Not a good start. Better cut to the chase.

“What’s the word on the plan? How many men they giving us?”

Lister shook his head. “None.”

Luca felt as if he’d been slapped. “None? How are we going to—?”

“We’re not.” He unbuttoned his camel hair coat. “They think using Strickland’s body as bait is a waste of time. Why should anyone care about his body when his DNA fingerprint is on computer.”

“But it won’t be,” Luca said. “Not after we hack the NYPD system.”

“But it’s not on just the NYPD computer. If you remember, Strickland had a rap sheet that included a couple of sexual assaults—one in Nassau County and one in Rockland—and a rape in Queens that he pleaded down to simple assault. He got around. And so did his RFLP. Seems if you’re caught on a sexual assault in one area, the Special Victims Units in all the surrounding areas check your DNA for a match in the unsolved cases on their books. Craig Strickland’s DNA is in dozens and dozens of police computers all over the tri-state area. Even we can’t hack all those databases. It’s an easy bet that a sharpie lawyer like Sullivan will figure that out, and have a good laugh at us if we try to use Strickland as bait.”

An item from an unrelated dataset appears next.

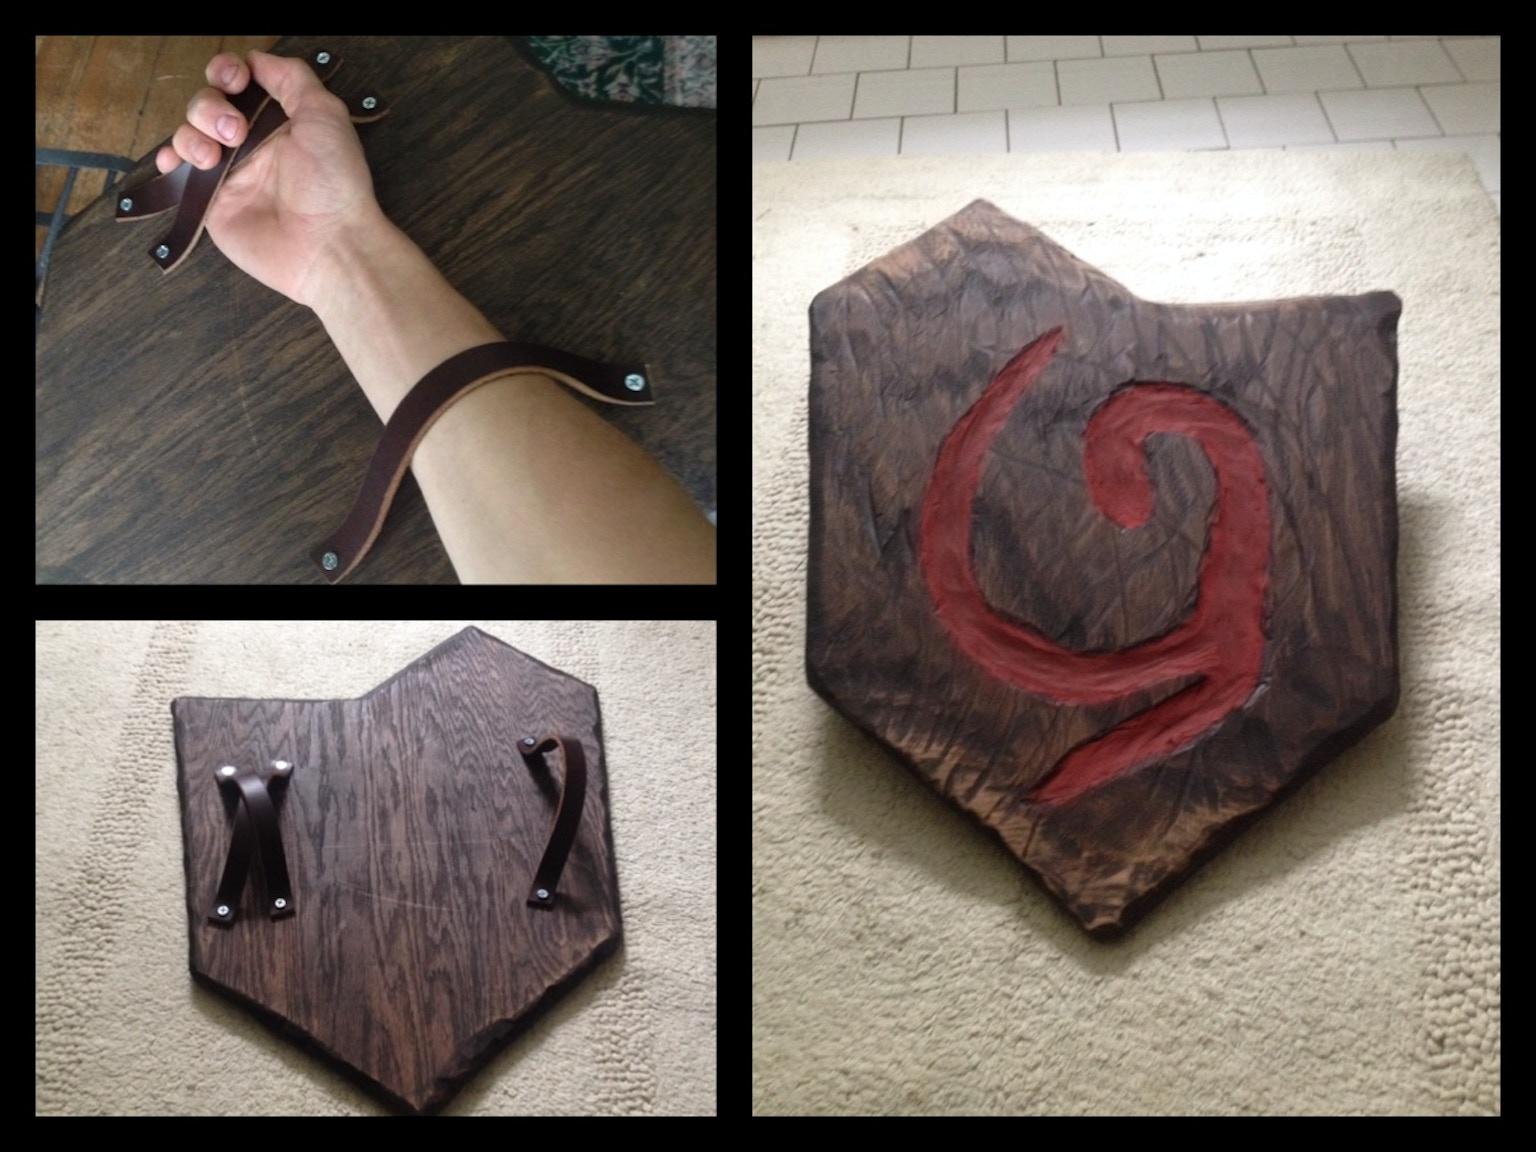 deku shield replica - photo #28

Luca clenched his teeth. Damn. He should have thought of that.

“Dumb idea, Luca,” Lister said. “It had people questioning your suitability for leading a field operation. Fortunately I was able to defuse that talk with your other idea. That went over big. The Old Man sent two people from his own office to help me canvass the SimGen Natal Center staff. We’ve been at it all day.”